Austria Set to Slip Into Recession on Interest Rate Pain

Austria’s economy will contract this year due to the fallout from the European Central Bank’s interest-rate increases, according to the country’s Wifo research institute.

(Bloomberg) — Austria’s economy will contract this year due to the fallout from the European Central Bank’s interest-rate increases, according to the country’s Wifo research institute. 

Gross domestic product will likely contract 0.8% in 2023, before rebounding to 1.2% growth next year, Wifo said in a a report featuring forecasts that form the basis of Austria’s 2024 budget preparations. 

High price increases as a result of the pandemic, additional energy price shocks due to the Ukraine war and sharp hikes in key rates will cause a decline in output for most areas of the economy, Wifo said.

“We’re in difficult times, very challenging times economically,” Finance Minister Magnus Brunner told Bloomberg Television. “We’re going into a recession in the third and fourth quarter of this year.”

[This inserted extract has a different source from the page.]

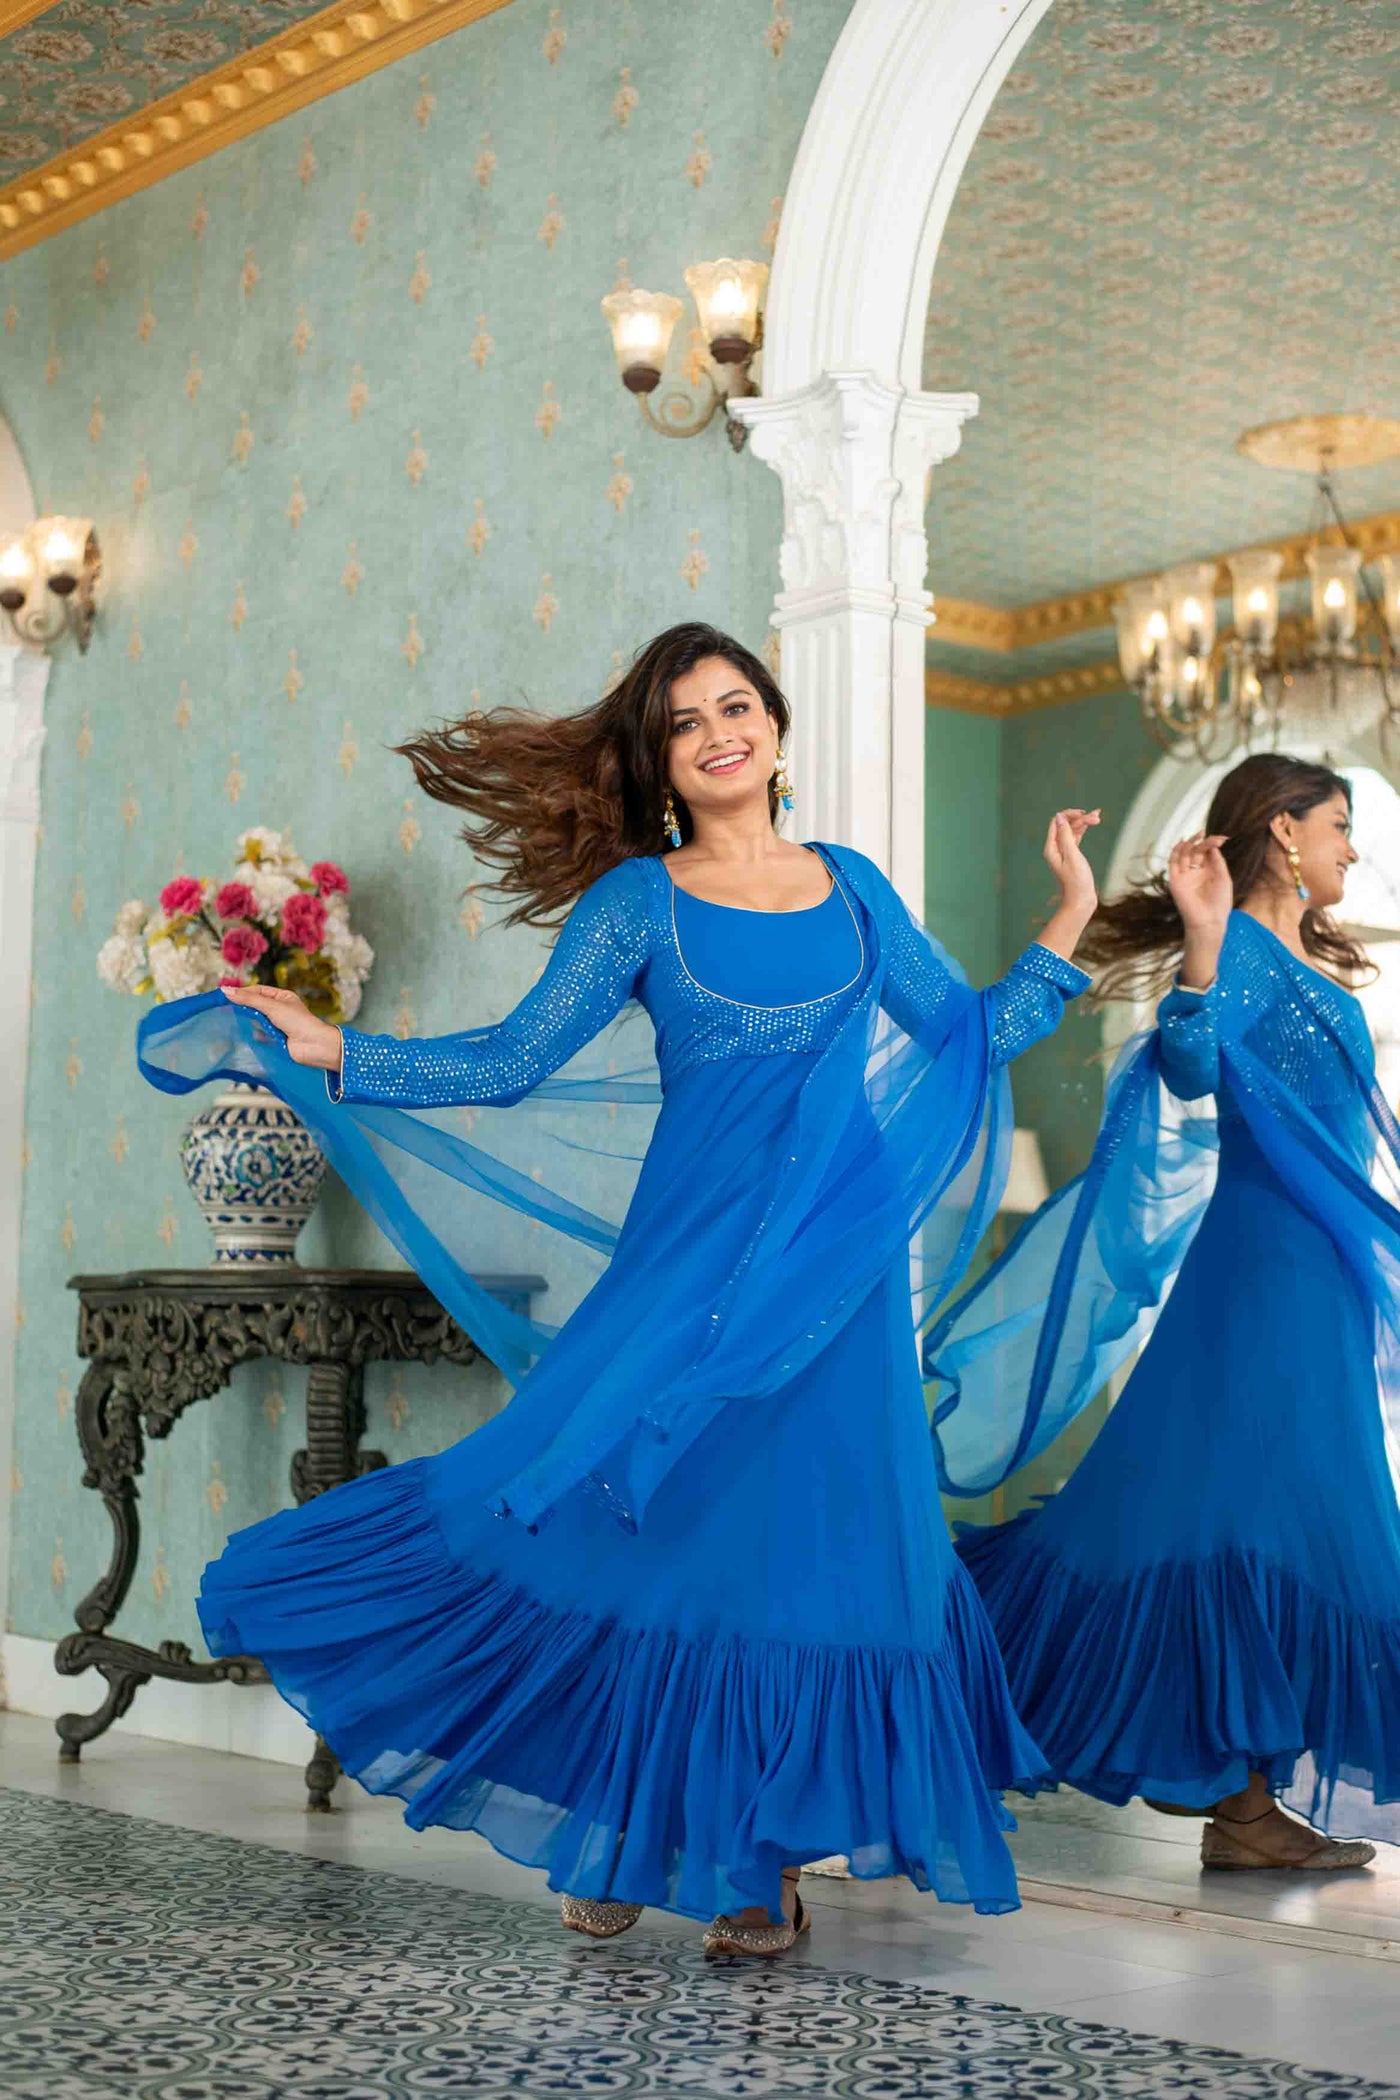 Electric Blue Choli Style Gown With Dupatta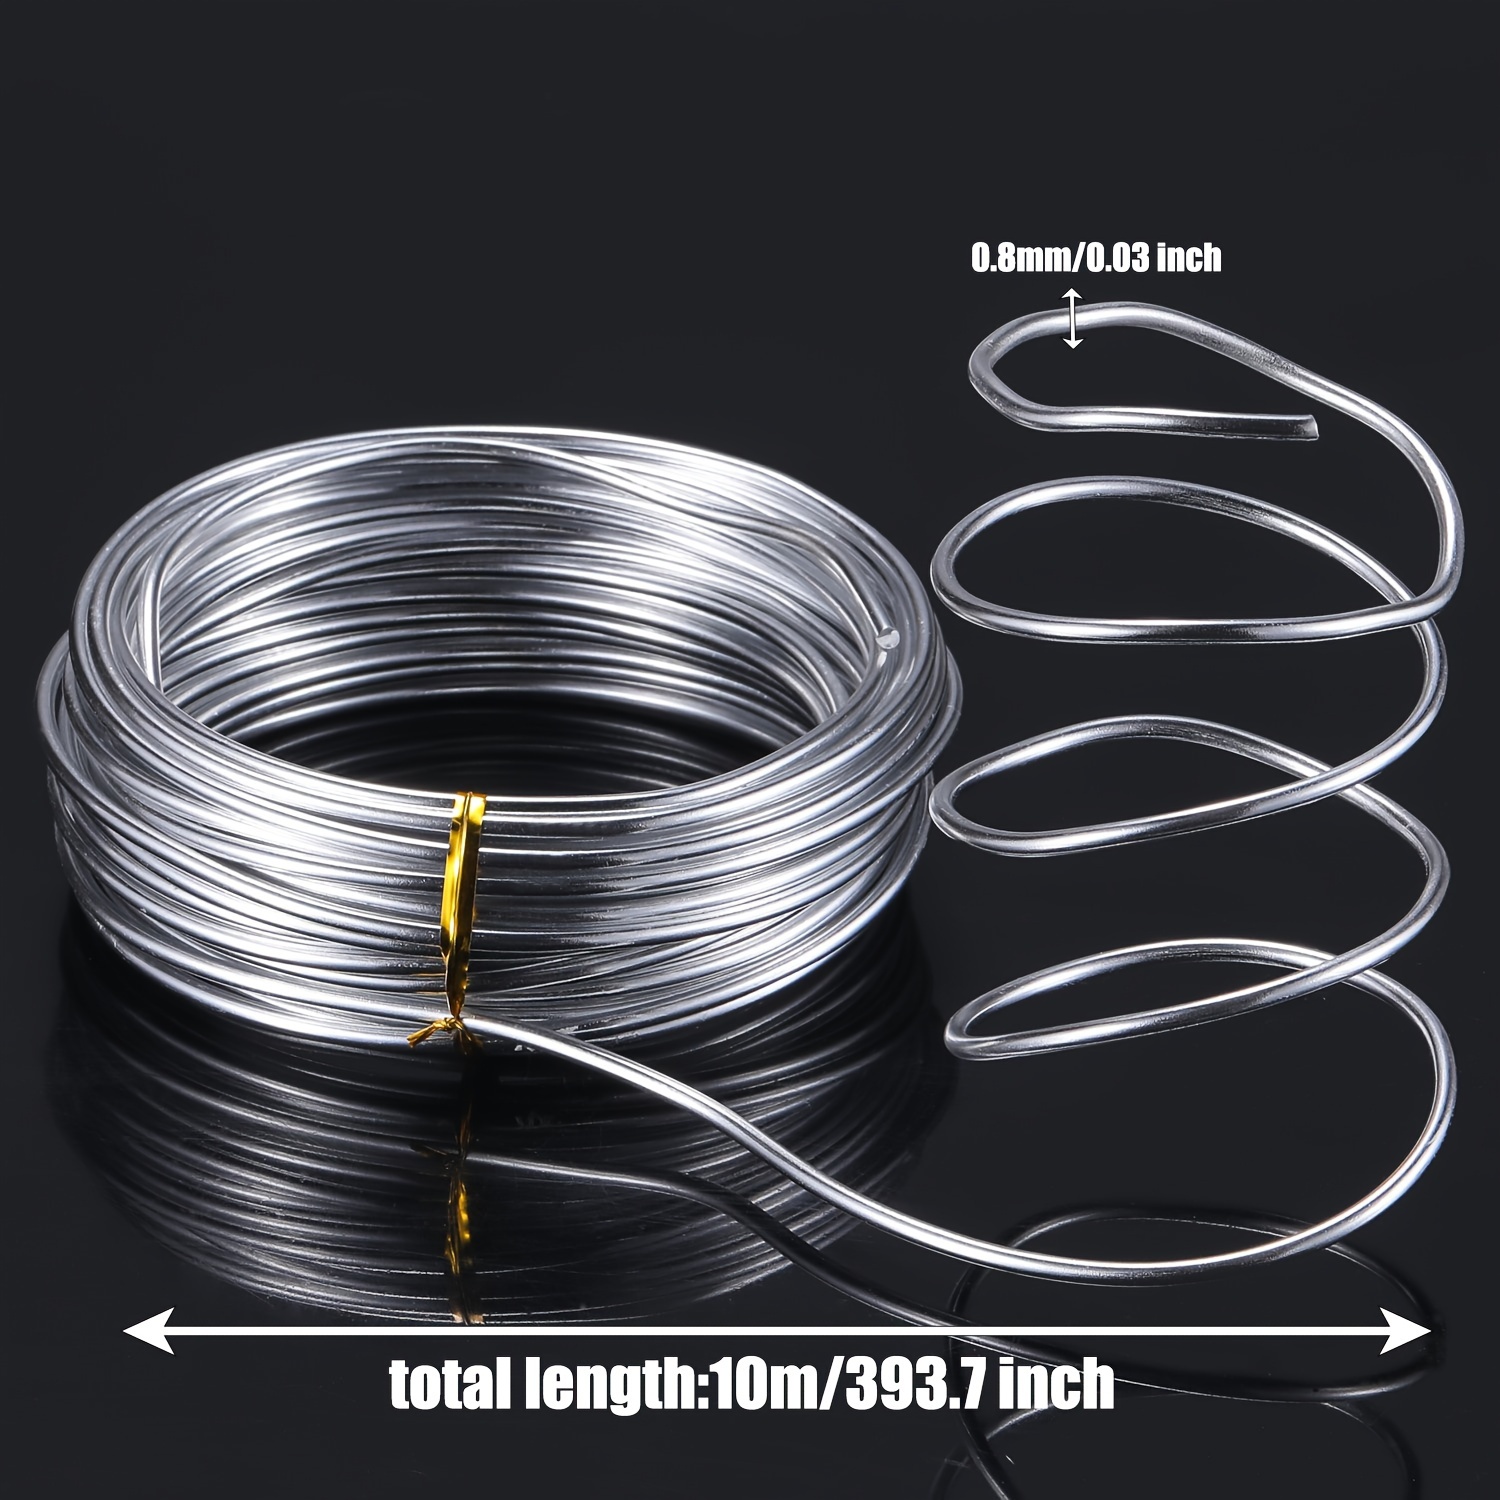  18 Gauge Aluminum Craft Wire, 165 Feet 1mm Bendable Metal Wire  for Jewelry Making, Sculpting, Modelling, Wreath Making, Floral Making,  Beading, Wire Wrapping (Black)

Brunner, who highlighted that next year’s rebound made him “optimistic,” said that the economic weakness in neighboring Germany was weighing on Austria. More broadly, “all these export-oriented countries like Germany, like Austria, like Sweden, the Netherlands, others, are in difficult times.”

He also said that budget discipline was needed in the European Union, which is currently discussing a revamp of its fiscal rules. 

“We need sustainable fiscal rules,” he said. “Get more transparency also and more enforceable rules.”

In June, Wifo had predicted Austria would be able to sustain economic growth both years. Friday’s report also raised estimates for inflation to 7.7% this year and 4% in 2024.

“The Austrian economy is experiencing a mild recession in 2023 due to various exogenous shocks,” Wifo said. “The weakness in economic activity is intended from a monetary policy perspective.”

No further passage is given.